The thoughts we have had so far - in short - is:

  • First look if the RDF entity in question has one of a list of properties, in prioritized order, that should be used as wiki title.
    • The first of these, could be a special property which can be used to manually specify this by including it in the imported RDF, like "hasWikiTitle".
    • The suggested list or properties so far can be seen in this blog post. This list should of course be configurable, and one question is also how to best implement this configuration? A setting in LocalSettings.php? A wiki page?
  • If no matching property is in this list, then the label for the RDF entity should be used. For example, if the entity:s URI is http://bio2rdf.org/go:0032283, then 0032283 is used.

How to configure namespace prefixes / preudo-namespaces?
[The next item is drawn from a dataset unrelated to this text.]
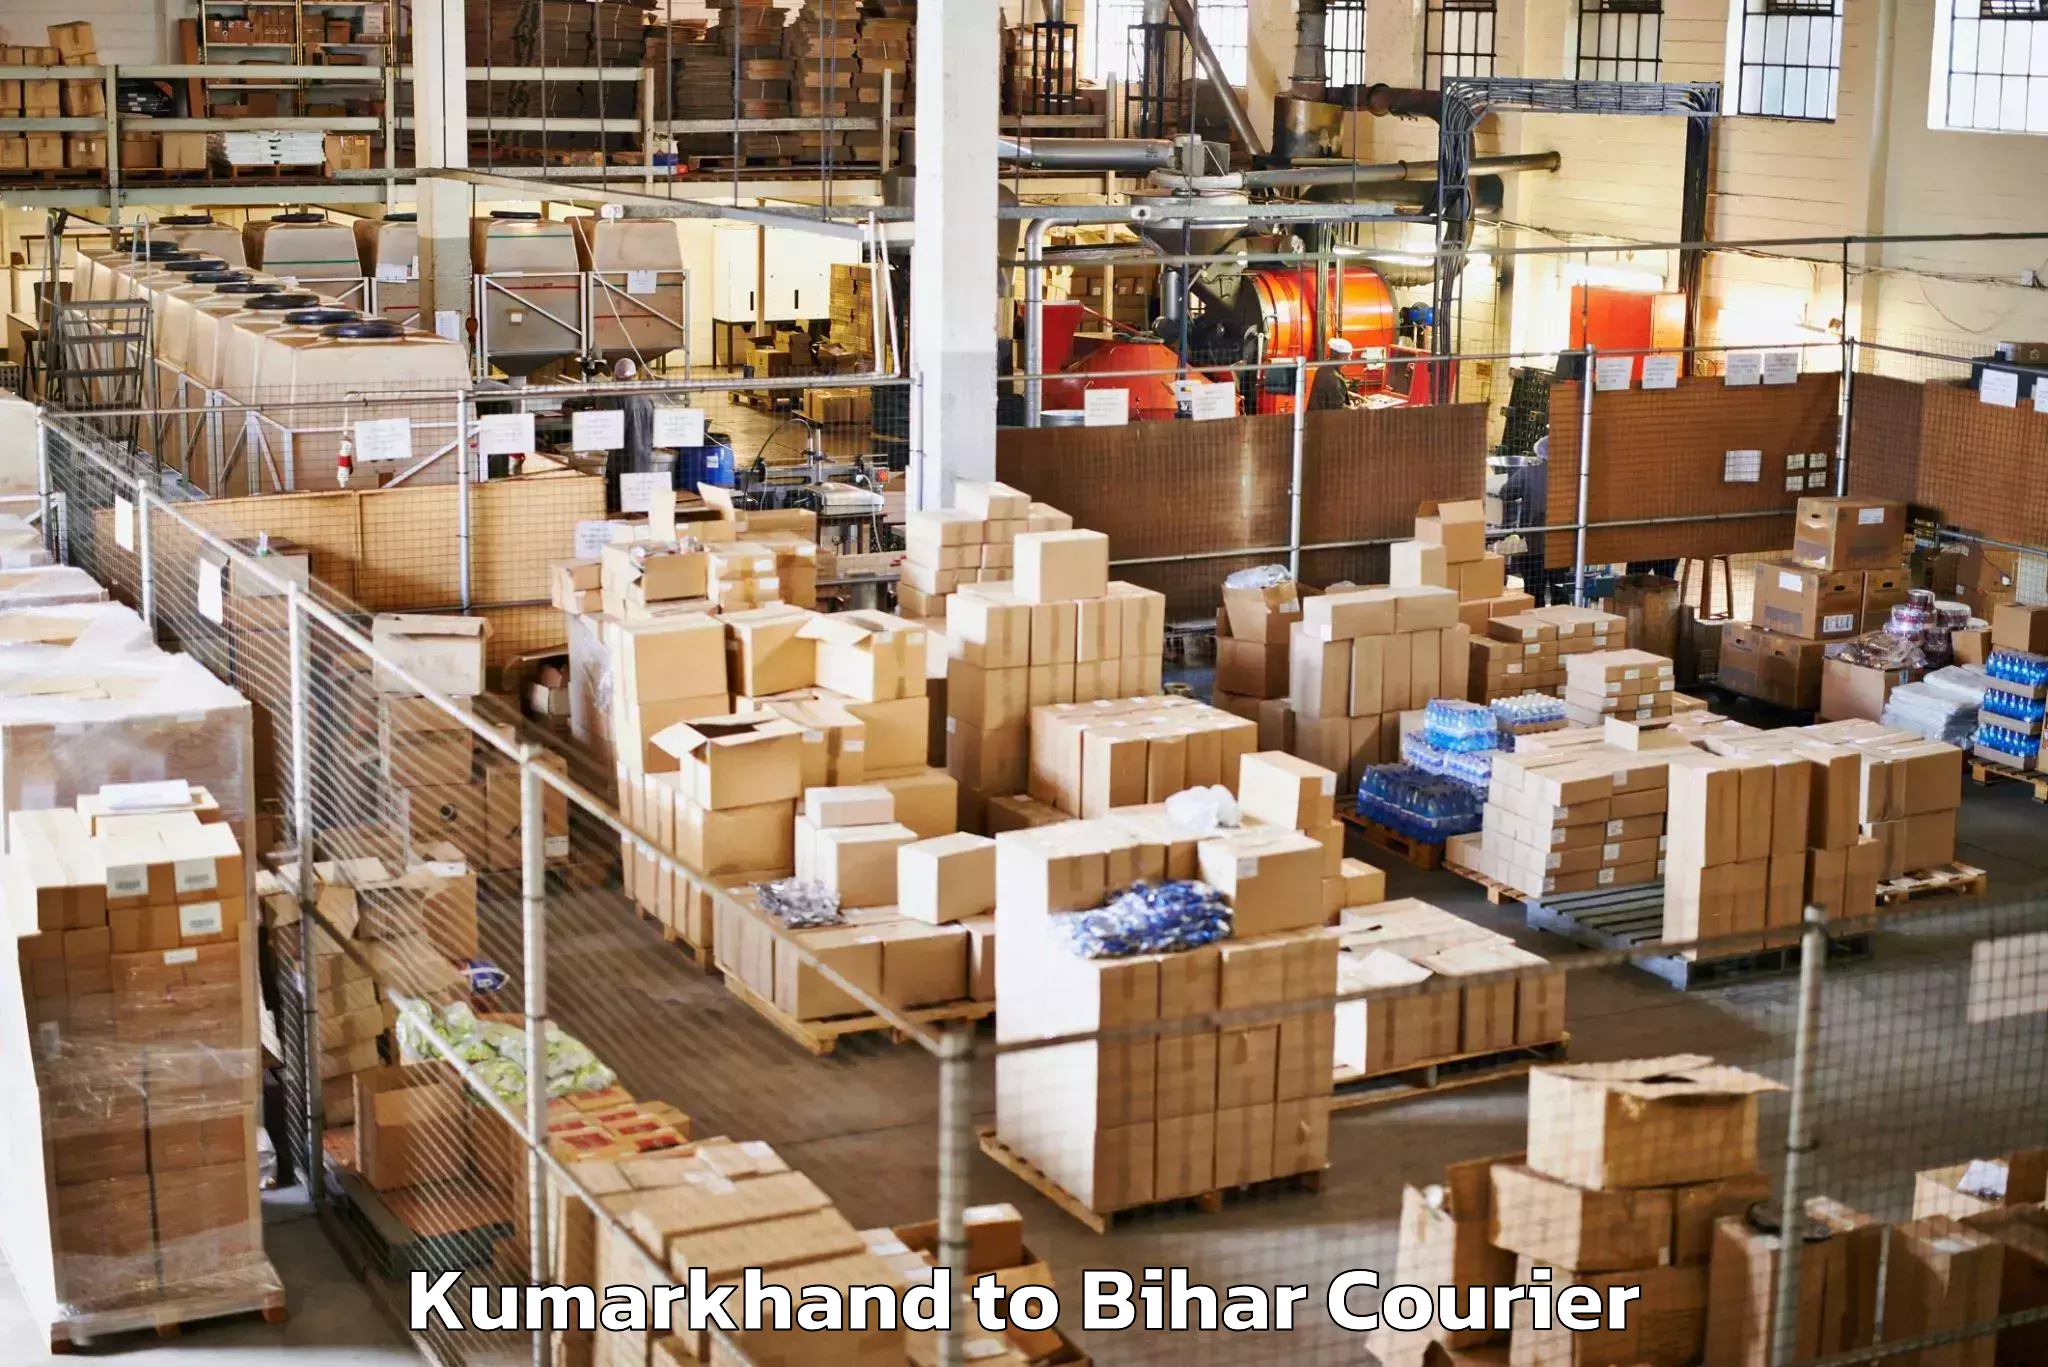 Luggage delivery system Kumarkhand to Goh Aurangabad
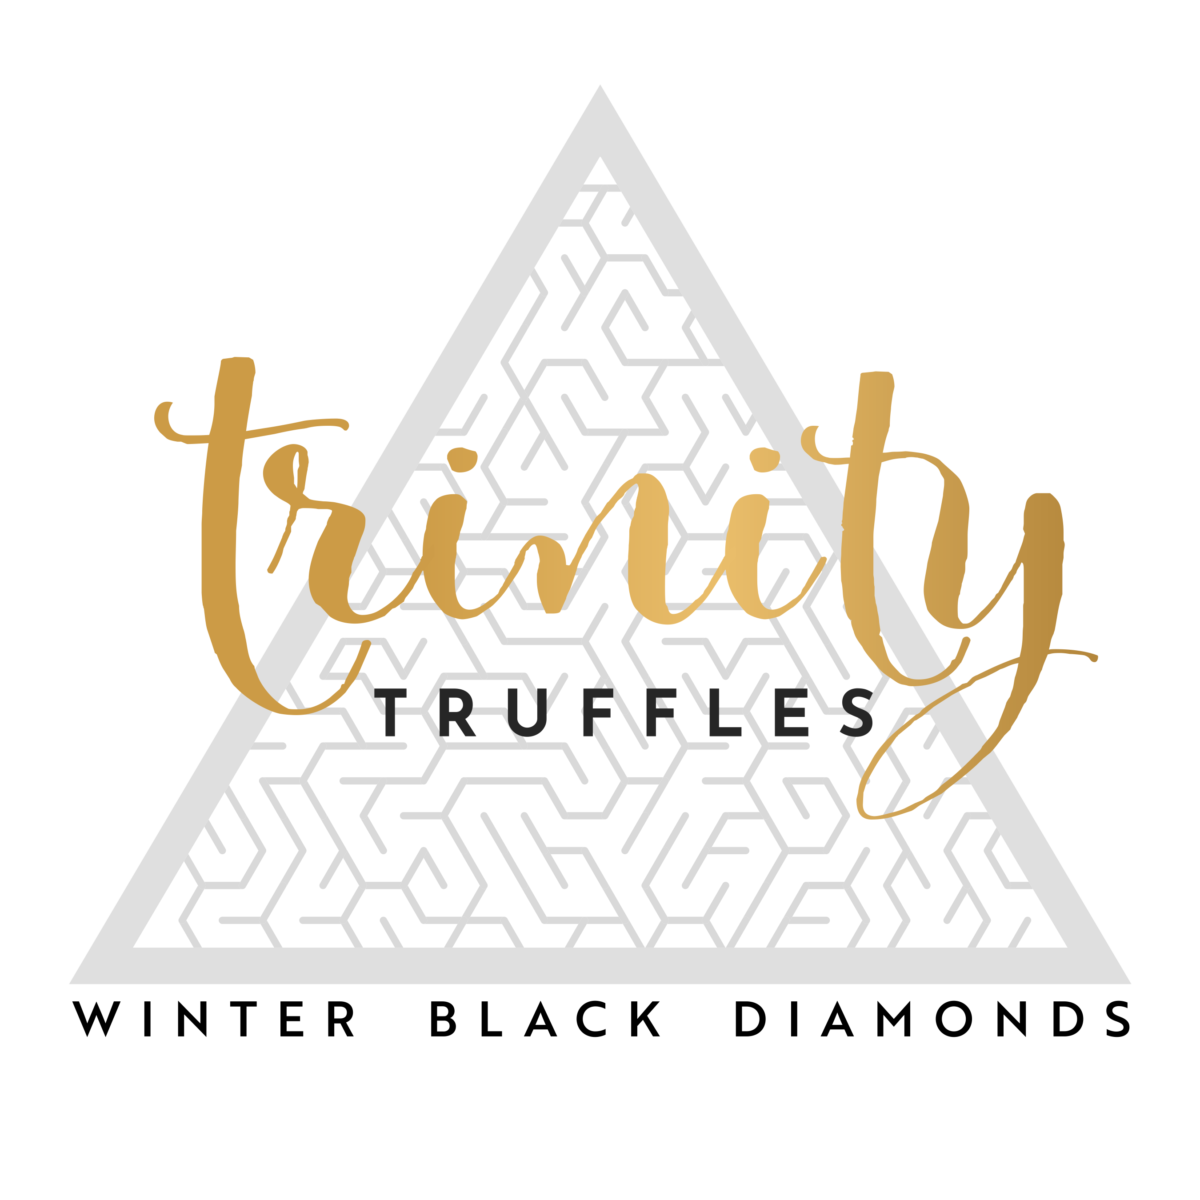 trinity truffles - 2500 pxl

Using only the label of course has the risk that multiple RDF entities converts to the same wiki title, which is not acceptable for example if using the wiki as a "one time RDF editor", which is one of the motivations for this project.

To solve this, one alternative (as a configurable option) could be to use a pseudo-namespace in the wiki title (e.g. "go" in the above example, which would result in "go:0032283" as the wikititle). This could be configured by creating a mapping between base URI:s and pseudo-namespaces (.e. "http://bio2rdf.org/go:" and "go", in this case).

But then there is the question how to configure this mapping. We've been thinking of a few options:

  • Let it be configured in the incoming RDF, by using a custom predicate "hasPseudoNameSpace"
  • Store a config in a Wiki article
  • Config in LocalSettings.php
  • On submitting data for import, analyze it first and present a screen with all the base URI:s used, with fields to manually fill in the pseudo-prefixes to use.
  • Any combination of the above

I will be working ahead, and try to figure out the most reasonable strategy together with Denny (who is my GSoC mentor), but feedback and comments are always welcome! (As said, preferrably send feedback on the mailing lists; semediawiki-devel, semediawiki-user or mediawiki-l!)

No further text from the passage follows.